Have fun on the trip, post some snowboarding shots, I'm a snowboarder myself!


----------



## JimmyO (Feb 6, 2008)

Thanks guys!

I like everything about that bag except the fact that i need one that has 2 straps and a clip across the front to its stay against my body when going over things

I'll make sure to post some pics!

Not sure if anyone here has any experiance but...

Can i use a the fisheye i bought for my camera with my camcorder using an adapter like this?

http://cgi.ebay.com/34mm-to-52mm-St...eZWD1VQQtrksidZp1638.m118.l1247QQcmdZViewItem

Thanks again


----------



## MarcusM (Feb 6, 2008)

I don't know much about lenses yet, so I'll leave that to the more knowledgeable posters, but I found this thread from another forum which may have some useful info for you. Actually, I'm thinking about getting a bag to be able to take camera gear snowboarding now too, glad you posted this, I'll have to add that to my "wishlist"

http://photography-on-the.net/forum/showthread.php?t=239161


----------



## MarcusM (Feb 6, 2008)

*Here you go: The Dakine looks pretty sweet!

Burton AK 29L Zoom Pack*







*Dakine Sequence*


----------



## JimmyO (Feb 6, 2008)

I would go with that bag if it was smaller. Im not just there to take pictures, i wanna ride most of the time. But i want sumtin that makes it easy to whip out my camera and snap a few quick shots and get on my way quickly.

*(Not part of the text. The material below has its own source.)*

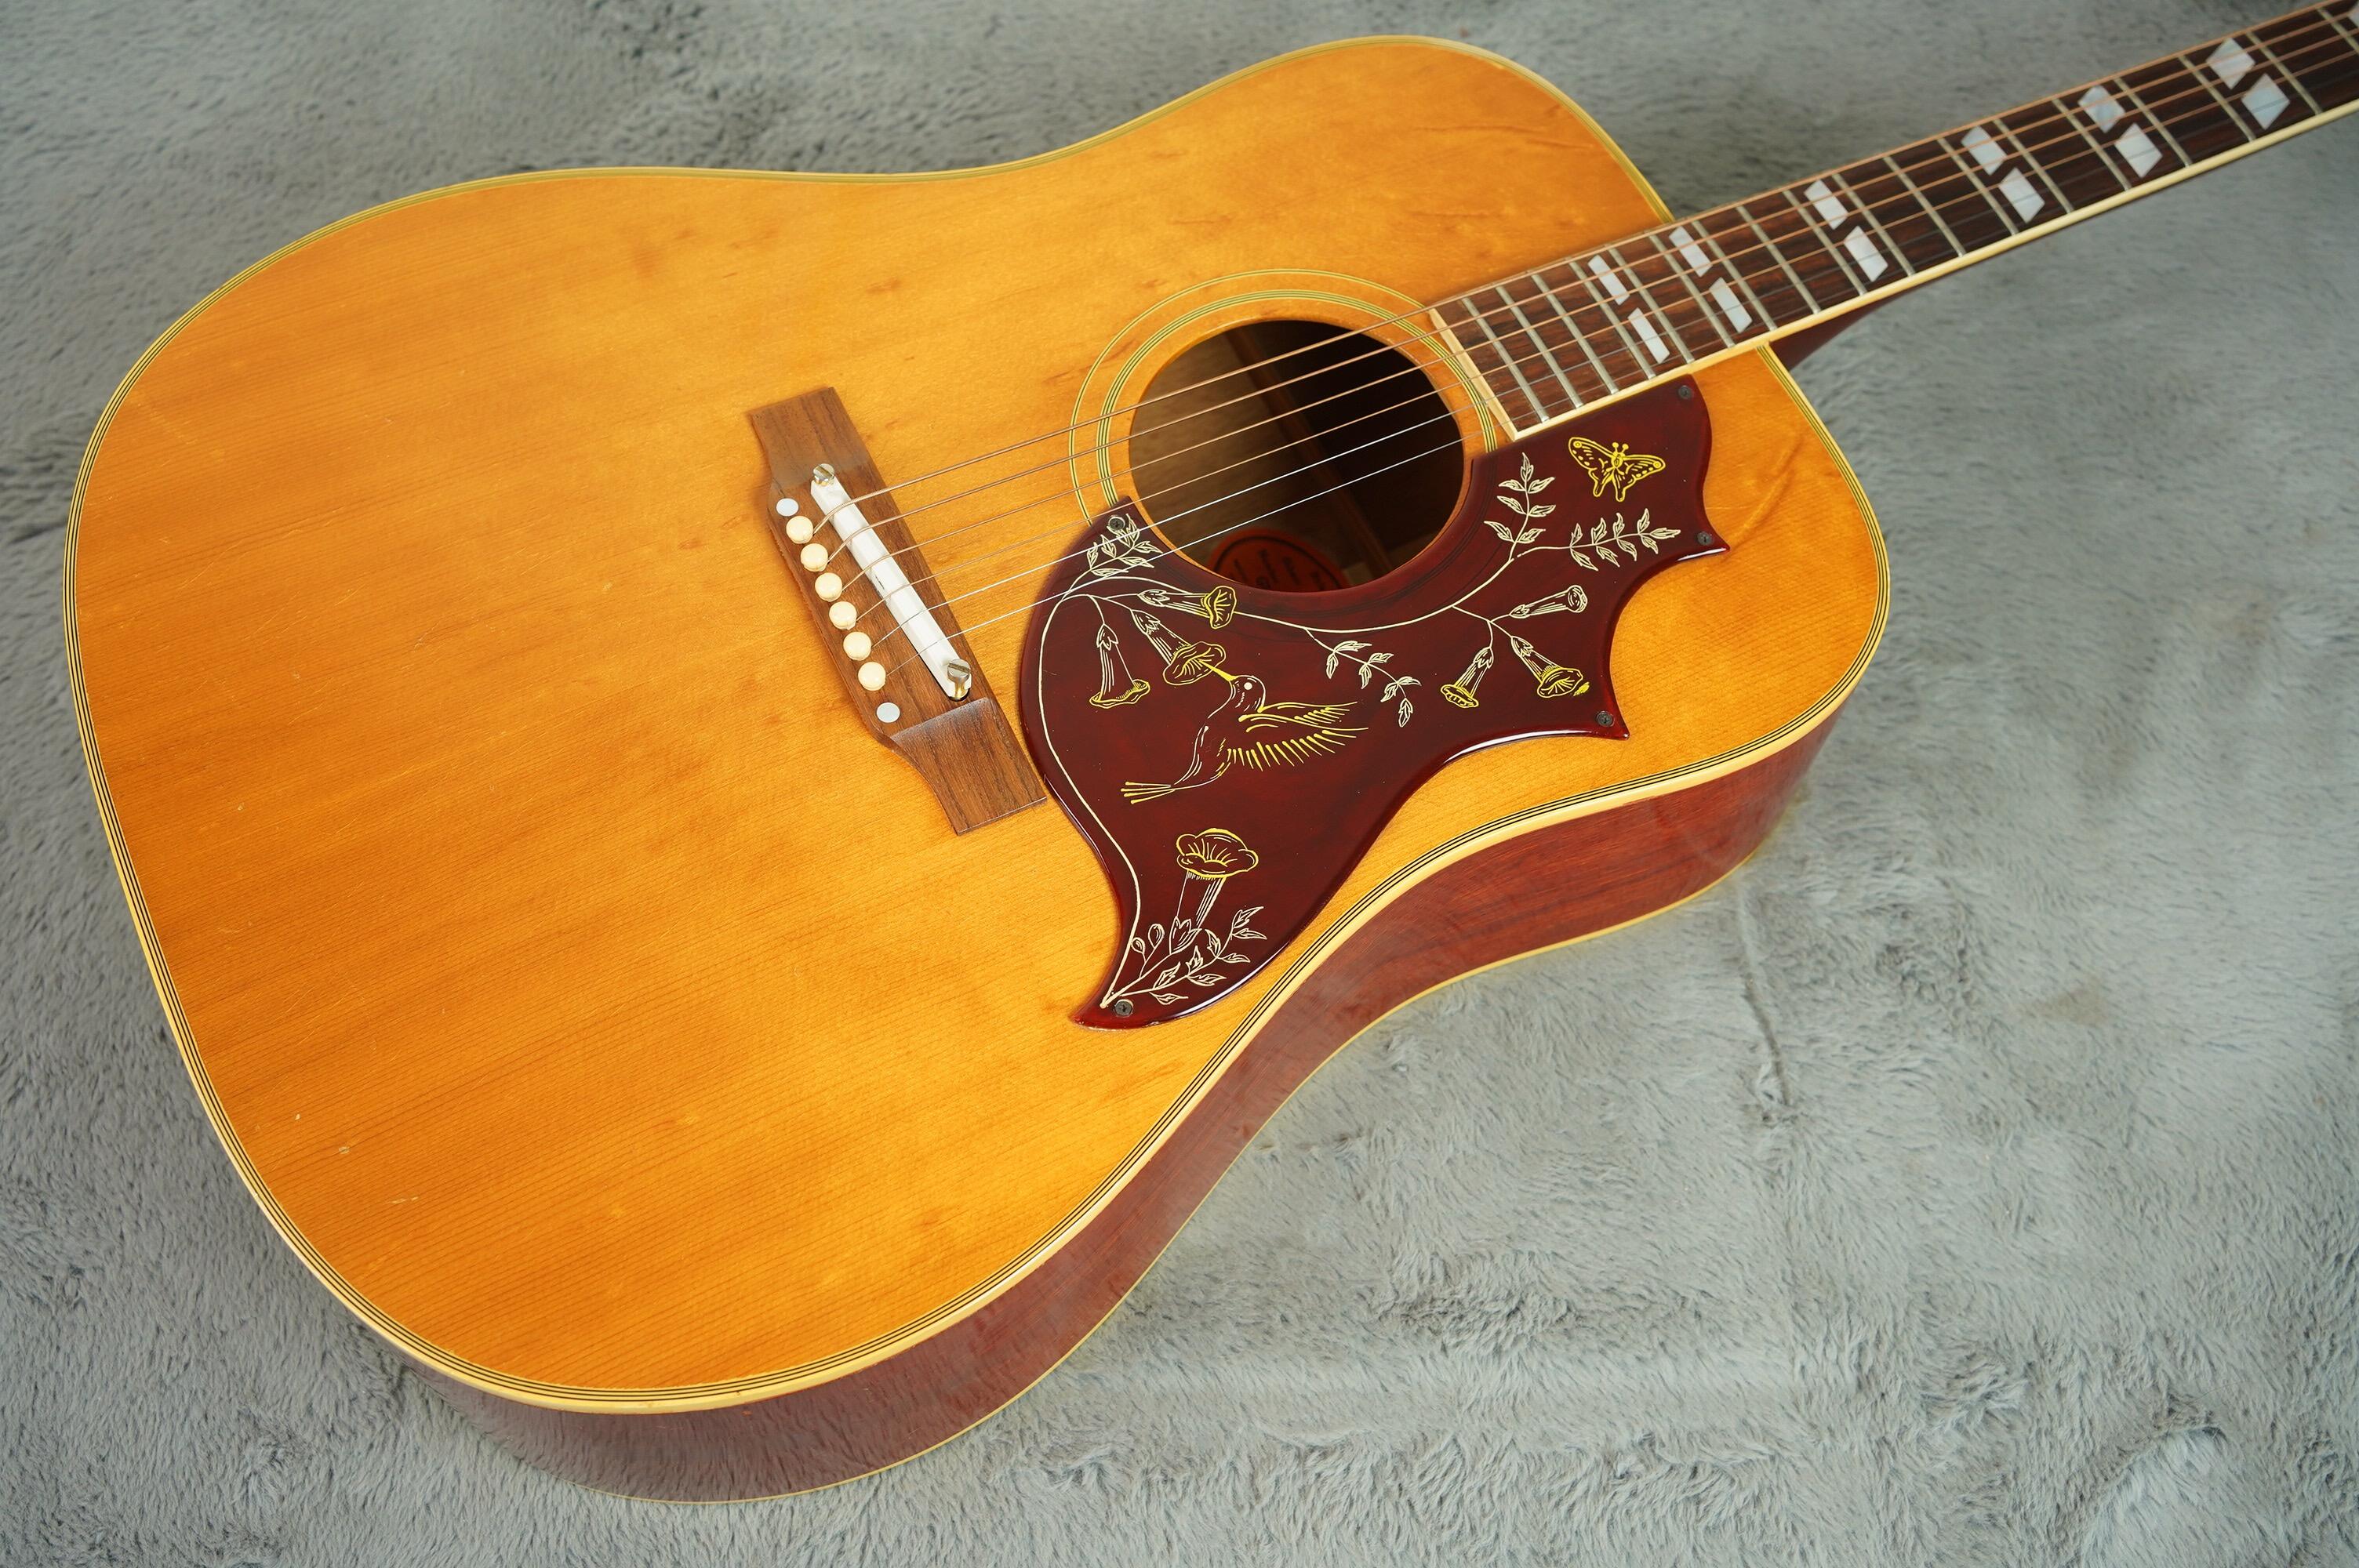 1968 Gibson Hummingbird

I just found the site http://www.snowperception.com/
They got TONS of good info.


----------



## jedithebomber (Feb 7, 2008)

If you don't have to carry around many lenses maby try a cheap inexpensive holster bag. Attach it to your belt, and you camera is within easy reach when you need it.


----------



## JimmyO (Feb 7, 2008)

For better or worse i dropped about 11 bucks on a 52mm to 34mm adapter so i can use the fisheye i ordered on my camcorder as well. I of course don't expect and then better than O.K quality already from using it on my d40x. And the guys from snowperception said that it will be even worse on my camcorder after the reducer/adapter, but thats ok. Im not filming the x-games here, just want something fun for my friends and i to play around with.


----------



## CJL (Feb 7, 2008)

i have the lowe pro sling shot and its perfect for hitting the mountain.  i just used it out in utah on my trip.  when your ready to get on the lift just un clip the side clip and swing it around to the front to get on the lift to access the camera.  you don't even have to take it off.  its weather resistant too which is nice.  i took quite a few diggers in the pow and covered the bag with snow and all was good.   i have mine packed with 3 lenses a speedlight my d200 and film body.  i packed lighter when i hit the mountain but i can fit most all my gear in it.


----------



## Double H (Feb 7, 2008)

I just got a Slingshot 300. You mentioned you wanted something that you allows quick camera draw - this is it. You simply sling it around to the front, and whip it out!


----------



## JimmyO (Feb 7, 2008)

Thanks for the input guys!

I think i will go with this bag. Im not gonna buy it just yet. Im gonna wait till my parent agree to get one for me. Untill then ill just use my regular snowboard backpack. Any suggestion with wrapping the camera with something while its in the bag?


----------



## JimmyO (Feb 7, 2008)

Does anyone here use charcoal hand warmers to keep their batteries warm?


----------